Утро красит нежным светом… Воспоминания о Москве 1920–1930-х годов | страница 27
Вскоре наш помойщик обзавелся «женой» – рваной, растрепанной и немытой бабой. Можно было лицезреть, как перед сном прямо на помойке они по-семейному распивали пол-литра водки, закусывая хлебом и солеными огурцами. Жену прозвали «помойщица». Асе, маленькой соседской девочке, мать грозила: «Не будешь слушаться – отдам тебя помойщице». Перспектива, действительно, была не из приятных. Ася пугалась, затихала.

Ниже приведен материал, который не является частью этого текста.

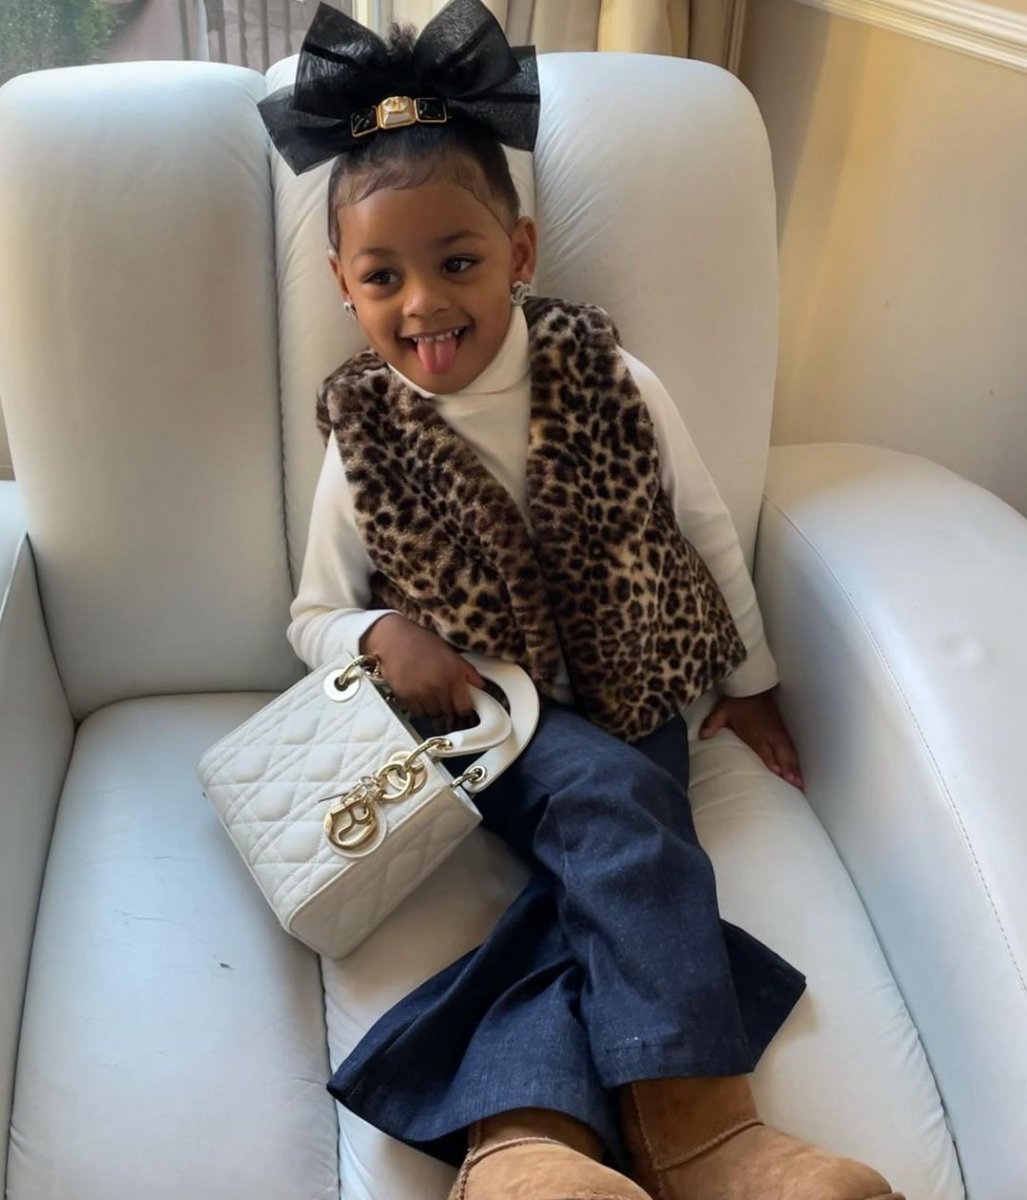 Cardi B bought 7 luxury bags for her 2-year-old daughter #2

Откуда взялись помойщики? Говорили о них разное. Некоторые считали их безработными, но безработица к моменту их появления была уже почти ликвидирована, а в разгар безработицы никаких помойщиков никто не видел. Другие говорили, что это раскулаченные крестьяне, бежавшие от ссылки. Однако опустившиеся и неряшливые бродяги были мало похожи на домовитых и хозяйственных кулаков, недавних сельских богачей. Скорее всего это были отбывшие свой срок арестанты, не нашедшие себе места в жизни. Возможно, массовое появление помойщиков было вызвано какой-нибудь амнистией того времени. Так или иначе, помойщики внезапно всплыли на поверхность и так же неожиданно, в одночасье, и исчезли – в 1932 или 1933 годах.
7
Кони и автомобили
В глубокий наш двор редко-редко заезжал автомобиль. Как правило, это был «таксомотор», по-современному – такси. В корпусе жило немало ответработников, но не помню, чтобы за кем-то из них была закреплена персональная автомашина. Времена были демократические, даже обладатели «трёх ромбов» отправлялись на работу пешком или городским транспортом.
Таксомоторами были обычно открытые автомашины заграничных фирм: маленький итальянский «Фиат», остроносый австрийский «Штайр» или тапирообразный, со срезанным радиатором французский «Рено». Шофер в кожаном шлеме со стеклами и в крагах казался нам, детям, пришельцем из другого мира, сейчас бы сказали – инопланетянином.
Каждый приезд автомобиля становился для детворы, особенно мальчишек, сенсацией. Мгновенно вокруг машины собирались десятки ребят, гам стоял невообразимый. Редкостный экипаж подвергался тщательному и восторженному осмотру и, когда отворачивался шофер, благоговейному ощупыванию. Как только шофер чуть отходил, наиболее наглые и ловкие бросались к торчащей у дверцы резиновой груше-клаксону и нажимали на нее – раздавался резкий, рвущий уши сигнал, казавшийся божественной музыкой. Молчаливый, невозмутимый шофер сердито оглядывался – вся толпа во главе с пунцовым смельчаком, коснувшимся запретного клаксона, быстро отступала. Пока машина не уезжала, толпа вокруг нее не расходилась. За отъехавшей машиной многие бросались вслед, пытаясь зацепиться на задке, где было укреплено запасное колесо, но это редко кому удавалось. Проехаться в самой автомашине было мечтой заветной, но неисполнимой. Как дивное видение, автомобиль скрывался за воротами, оставляя после себя быстро рассеивающийся вонючий дым и долго не исчезающие впечатления.